Идет снег. Чайки падают с неба с замерзшими крыльями, на носах ледяные сосульки. В Париже по ночам открывают в метро шахты для ночлега бездомных. Такой зимы в Европе давно не было. Мне вспоминается сцена из «Последних дней человечества», где дети просят у матери поесть, а та отсылает их к отцу, который где-то пропадал пять часов, пытаясь что-нибудь раздобыть. Отец наконец возвращается, и дети кричат: «Отец, дай хлеба, дай хлеба!» Но отец показывает им пустые руки, смеется и говорит: «Дети! Прекрасные новости! Россия умирает с голоду!» Я никогда не видела тебя зимой, не знаю тебя в пуловерах, с высоко поднятыми плечами, в толстых пальто. Ты — это лето, то единственное лето, которое у нас было, и в то лето я бродила там, где был ты, чтобы издали увидеть твою загорелую кожу, твои белые рубашки.
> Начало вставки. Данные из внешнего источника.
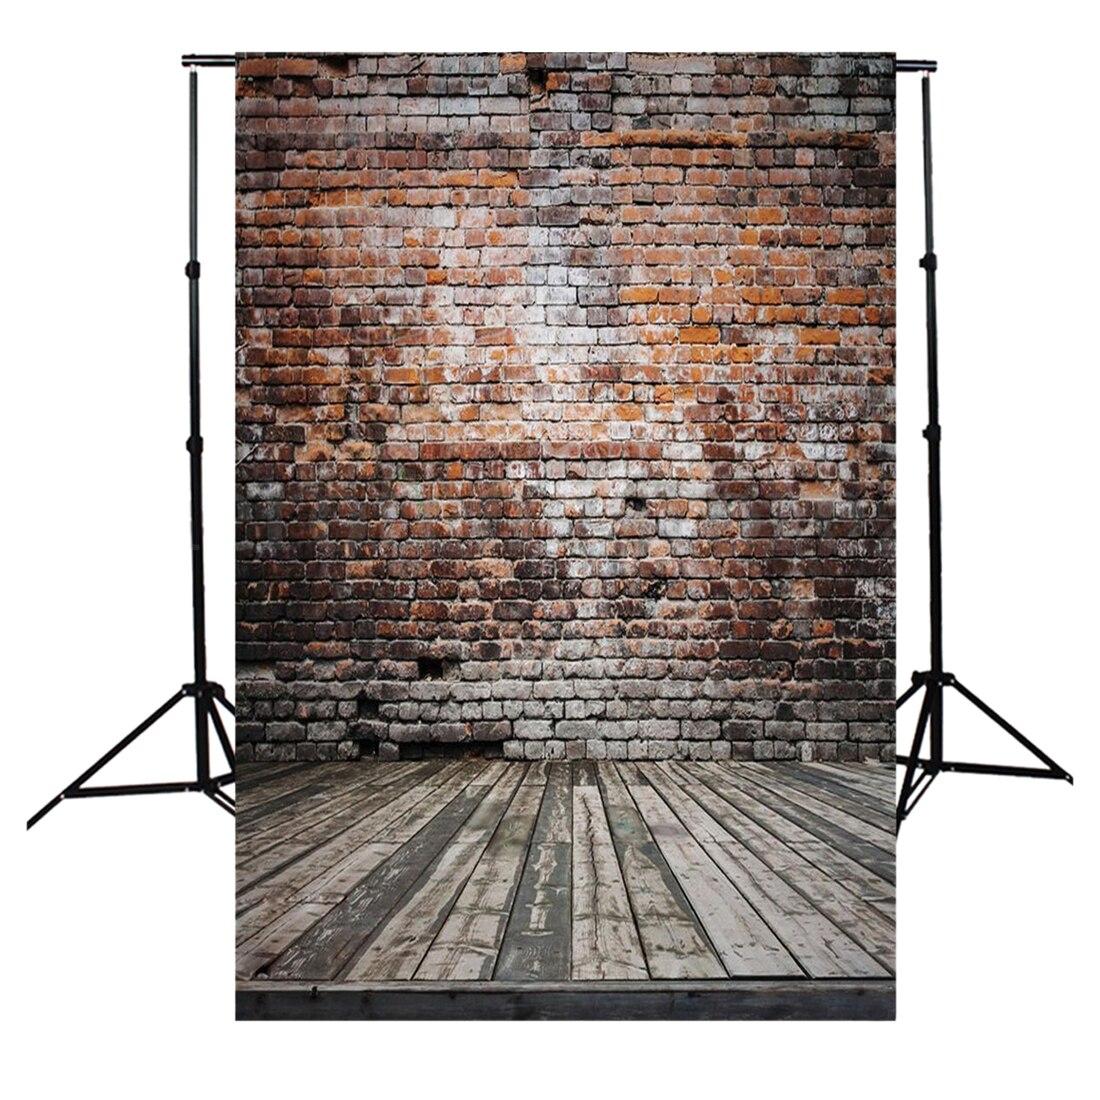 5x7FT Vinyl Photography Backdrop Photo Background, Old brick wall wood floor 10ft 20ft romantic wedding backdrop f 894 fabric background idea wood floor digital photography backdrop for picture taking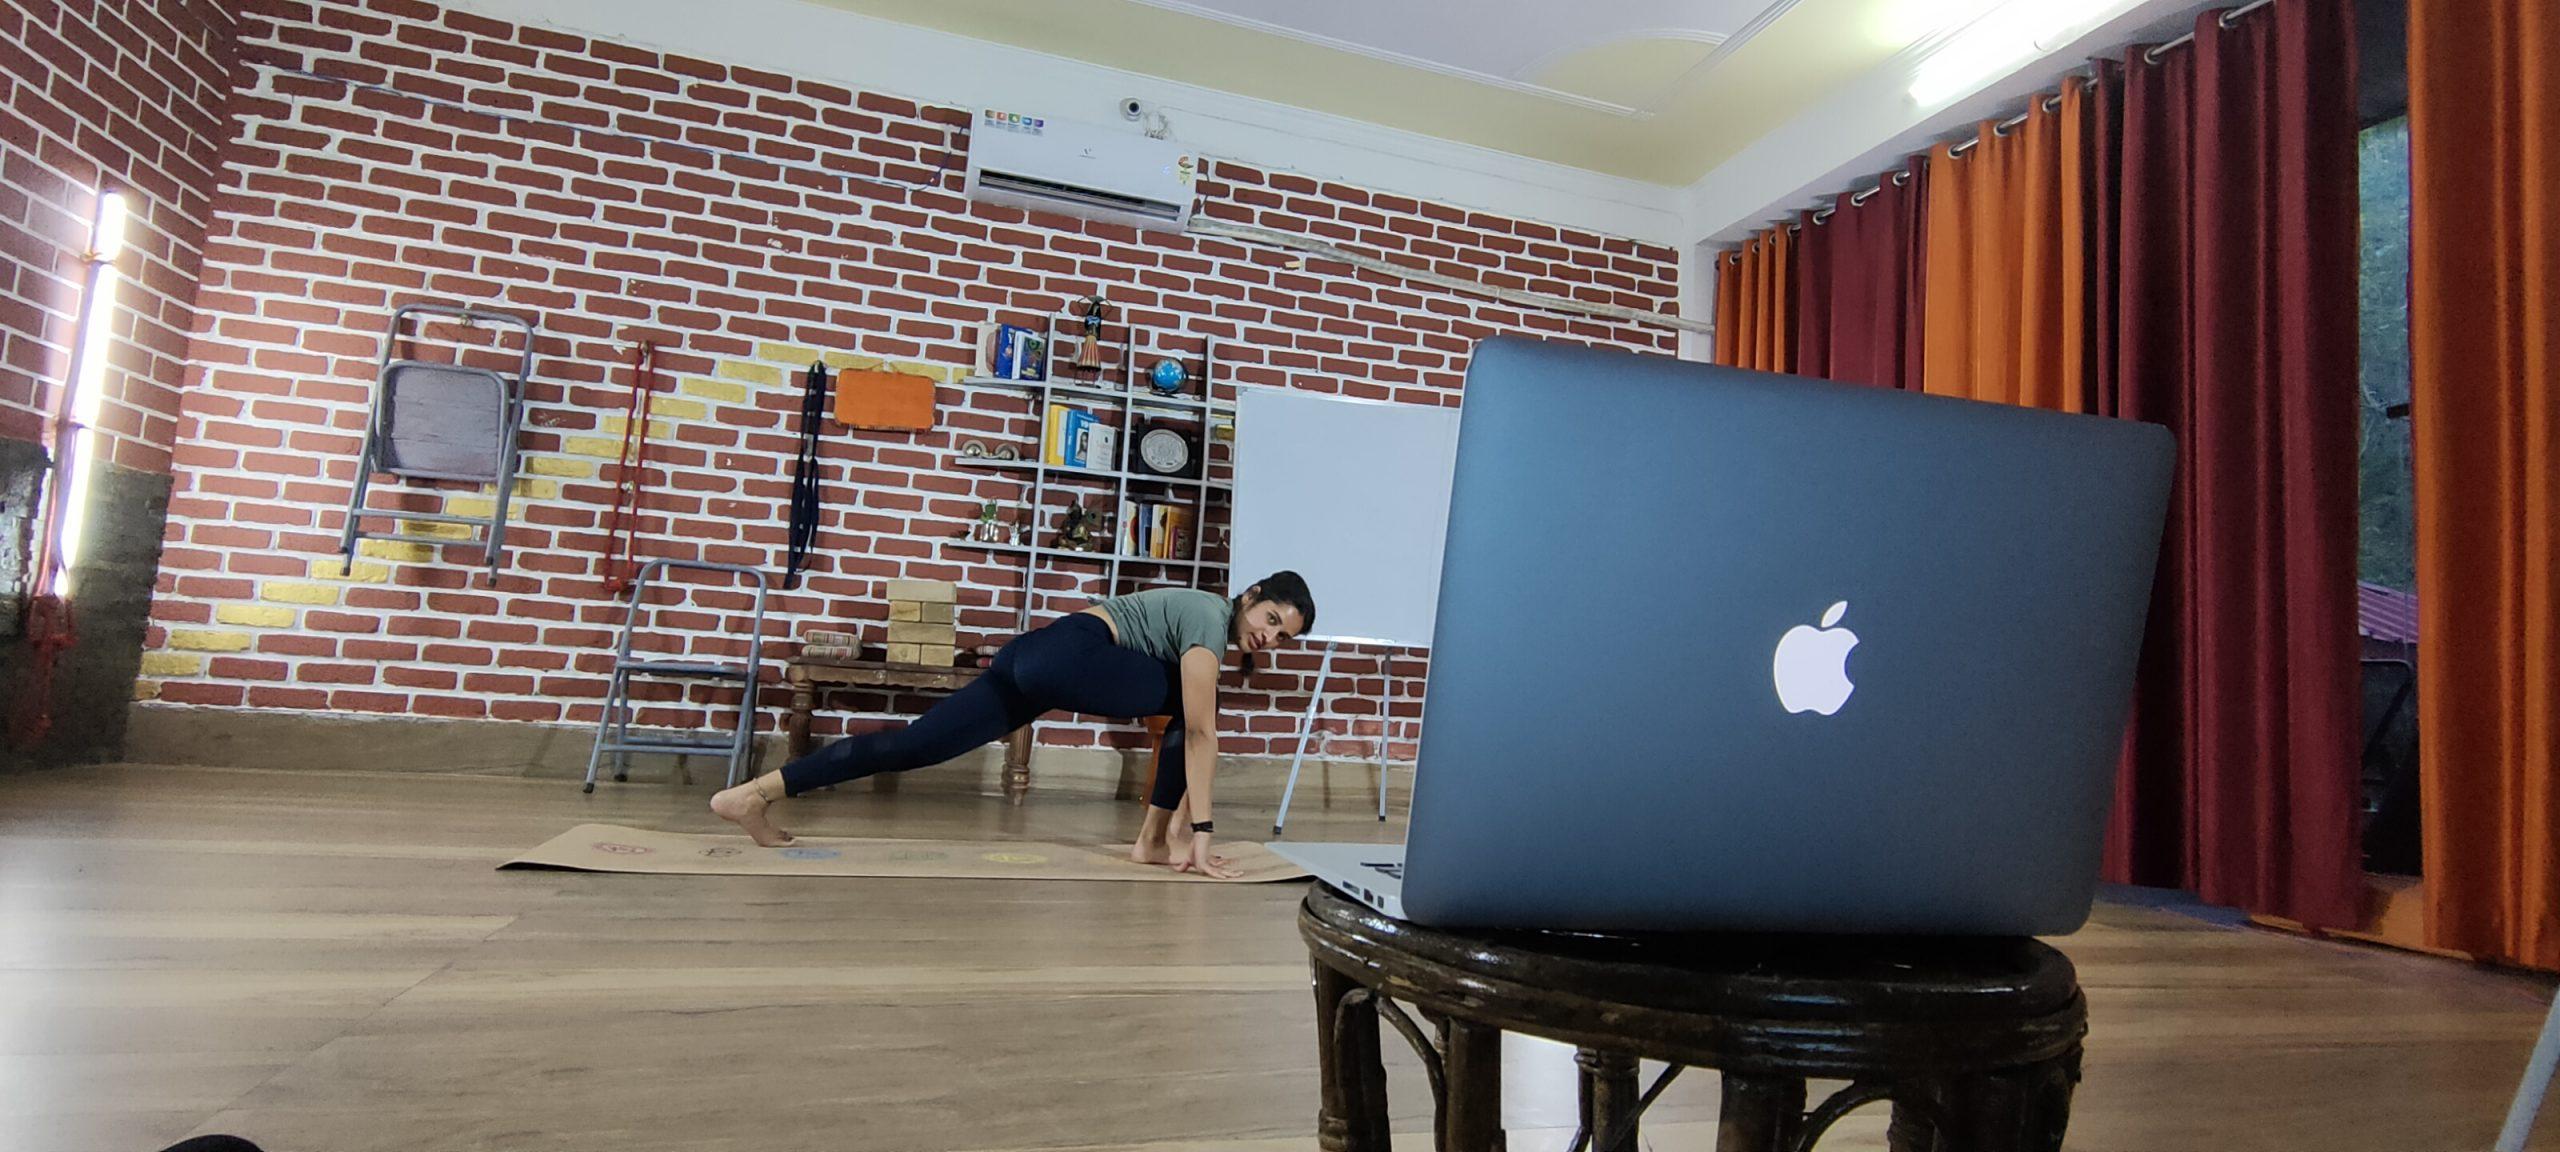 Awaken your practice Yoga Flow photo №3

По телевизору идет передача о Глене Гулде. Помнишь, как мы вообразили себе сценку на небе, если таковое вообще существует: Бог сидит у ног Глена и слушает его. Если у Бога есть уши, чтобы слушать. Я иду по Вене, как если бы я шла с тобой, Альбан. Здесь жила Ингеборг Бахман, там — Моцарт, который был немногим старше тебя, но не гнушался играть перед придворными. Я должна тебе кое в чем признаться, Альбан. Уже давно я решила про тебя: характера у него нет. Тот, кто так легко отбрасывает от себя музыку, — что он за человек? Ты никогда не был действительно серьезным, ничего не читал, никогда не был пунктуален, ты слишком много пьешь, причем начинаешь с раннего утра. Я очень давно увидела, что твое обаяние, твоя нежная красота, твои захватывающие дух хладнокровие и приспособляемость, — все это, возможно, недолговечно, всего лишь на одно лето. Я уверена, что так оно и есть. Ты очень скоро станешь обычным, таким же, как все, но в это лето вокруг тебя была аура бессмертия. От тебя исходило нечто цветущее и увлекающее, это захватило и меня, и я была в то лето почти молодой, почти красивой, совершенно определенно очень счастливой с тем печальным предчувствием, которым бывает окрашено счастье, если твердо знаешь, что никакого счастья нет.